Voice mail hacking vs website security


Whilst I think the actions of the journalists at News of the World (and perhaps other ‘press’ organisations) have been totally guilty of their conduct, I find it interesting how the phone companies have managed to get away relatively unscathed.

When a website user database is hacked, the press consider the lack of security of the website to be the guilty party. In the voicemail scenario, I’ve hardly seen any commentary around the mobile phone operators.

There are two main ways of hacking voicemails:

  1. The first method is to use the remote dial in number to access voicemails, enter the phone number of the person you’re trying to gain access to, and guess the PIN code. The PIN is usually 4 digits, and companies simply ‘brute force’ their way into mailboxes. Brute force is simply a case of guessing 0000, then 0001 and so on.
  2. The second method is to clone a user’s phone number using a proxy-style service. It’s very simple – you dial a phone number (the proxy) and you’ll hear a message asking what number you want your phone number to appear to be to the person you’re about to call. You stay on the call and then enter the phone number you want to call, and the recipient sees the ‘new’ phone number you entered earlier. A number of offshoring cold call sales companies use this type of service to make it look like they are calling you from the UK. Voicemail hackers phone a proxy, enter the phone number of the person they are trying to hack, and the mobile phone voicemail thinks the incoming call is from that victim’s number (and there’s no need to enter a PIN number).

Neither of these methods are particularly elaborate.

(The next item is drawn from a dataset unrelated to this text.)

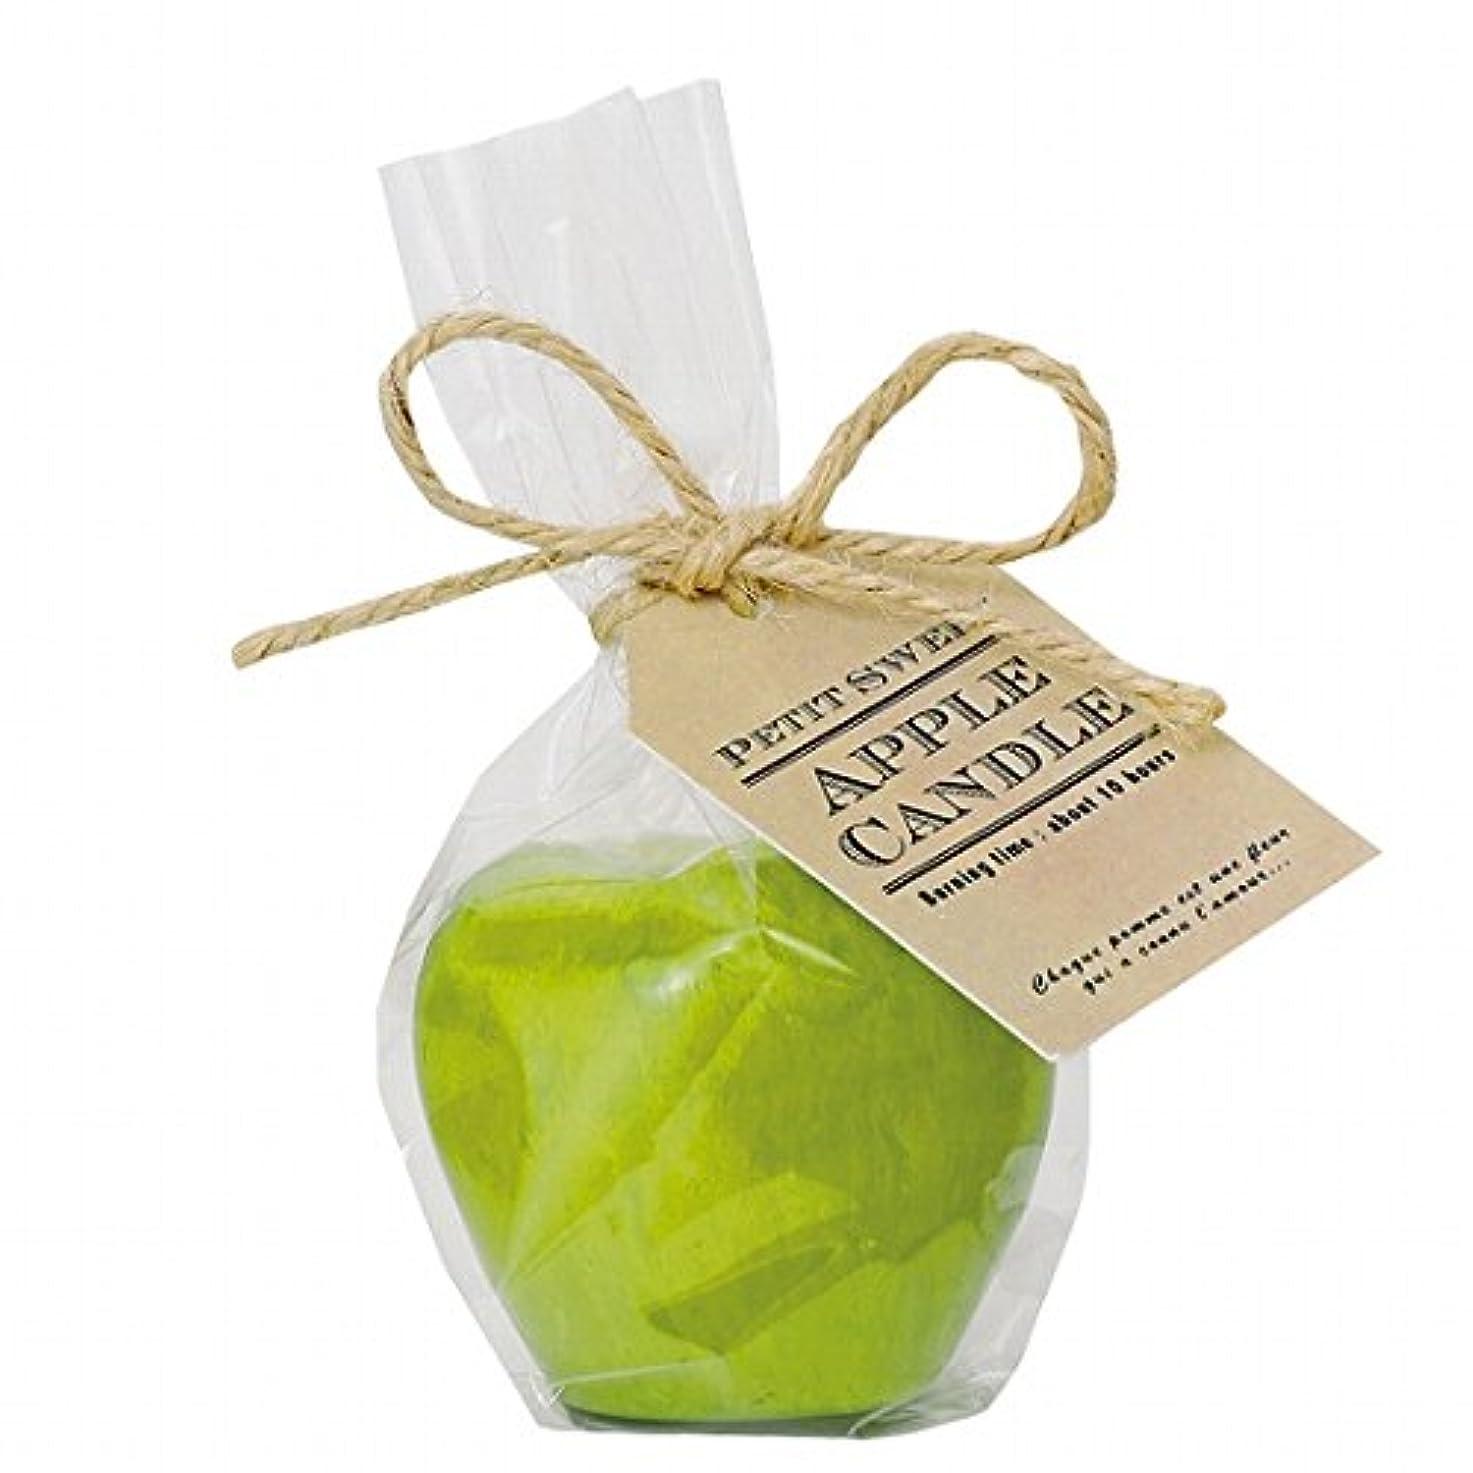 スチュワーデスお風呂を持っている剥ぎ取るkameyama candle(カメヤマキャンドル) プチスイートアップルキャンドル 「 グリーン 」(A4630510G)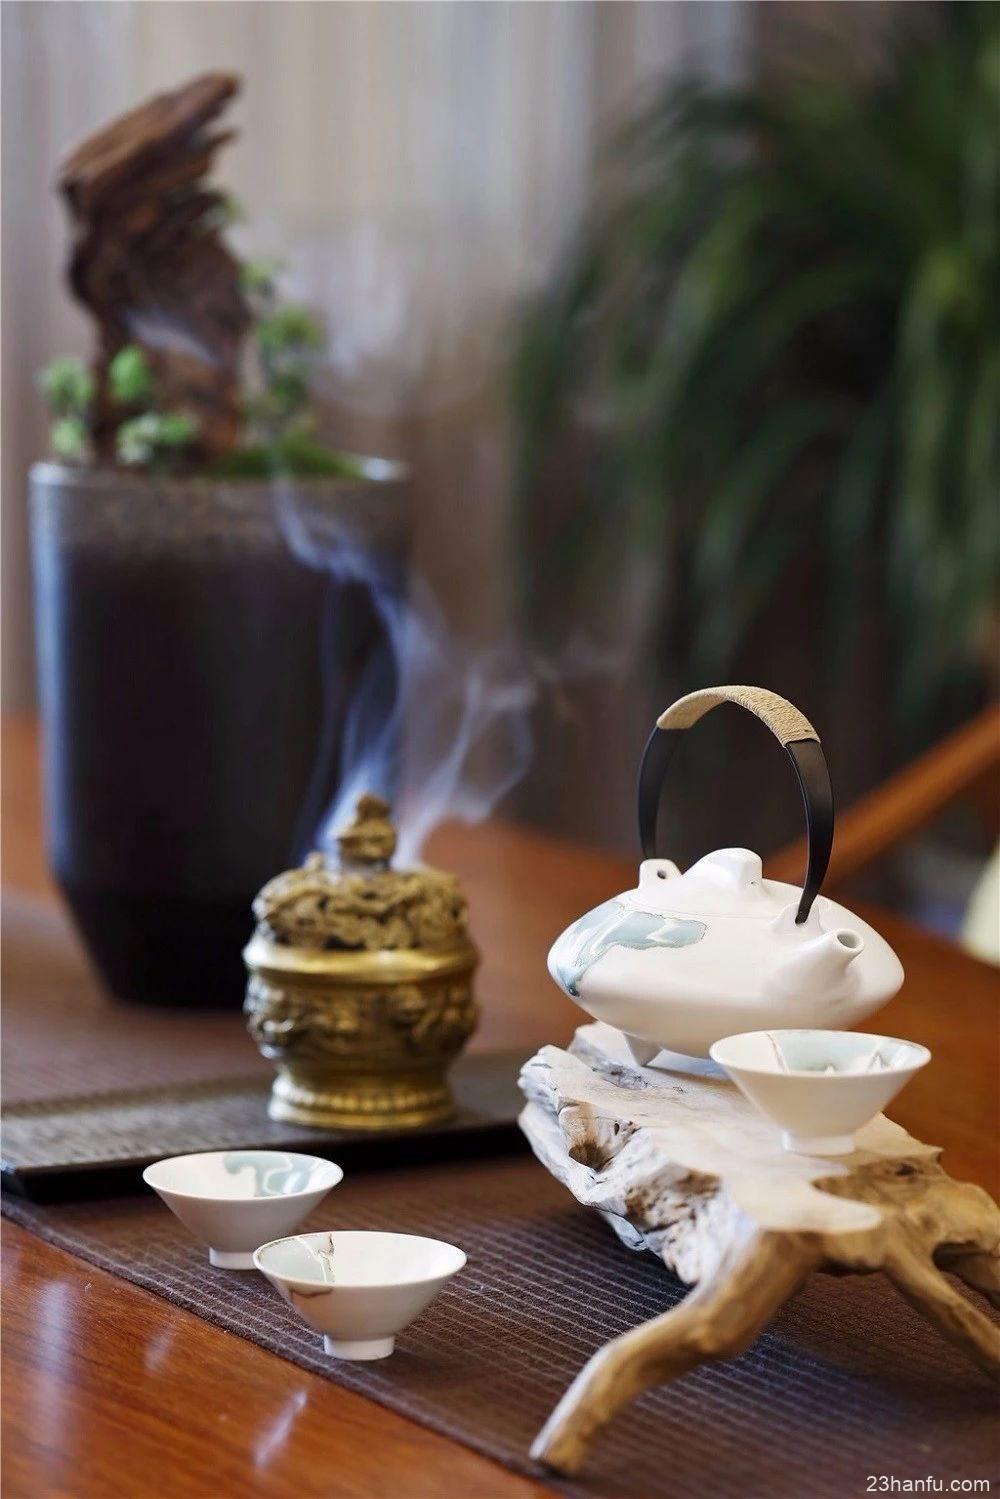 【茶道】半盏清茶 观浮沉人生

A simple Google search provides a long list of companies who offer the proxy service (although to be fair all the ones I went to said they didn’t allow the service to be run for UK phone numbers).

In my opinion, the phone companies should do the following:

  1. Every time the remote voicemail is accessed a text message should be sent to the phone number. At the very least, each unsuccessful PIN number attempt should send a text message to the mobile warning of the attempt.
  2. If the wrong PIN number is entered more than say, four times, the voicemail should be “locked”.
  3. Phone companies should be able to work out if a phone number has been cloaked (run through the proxy) more accurately.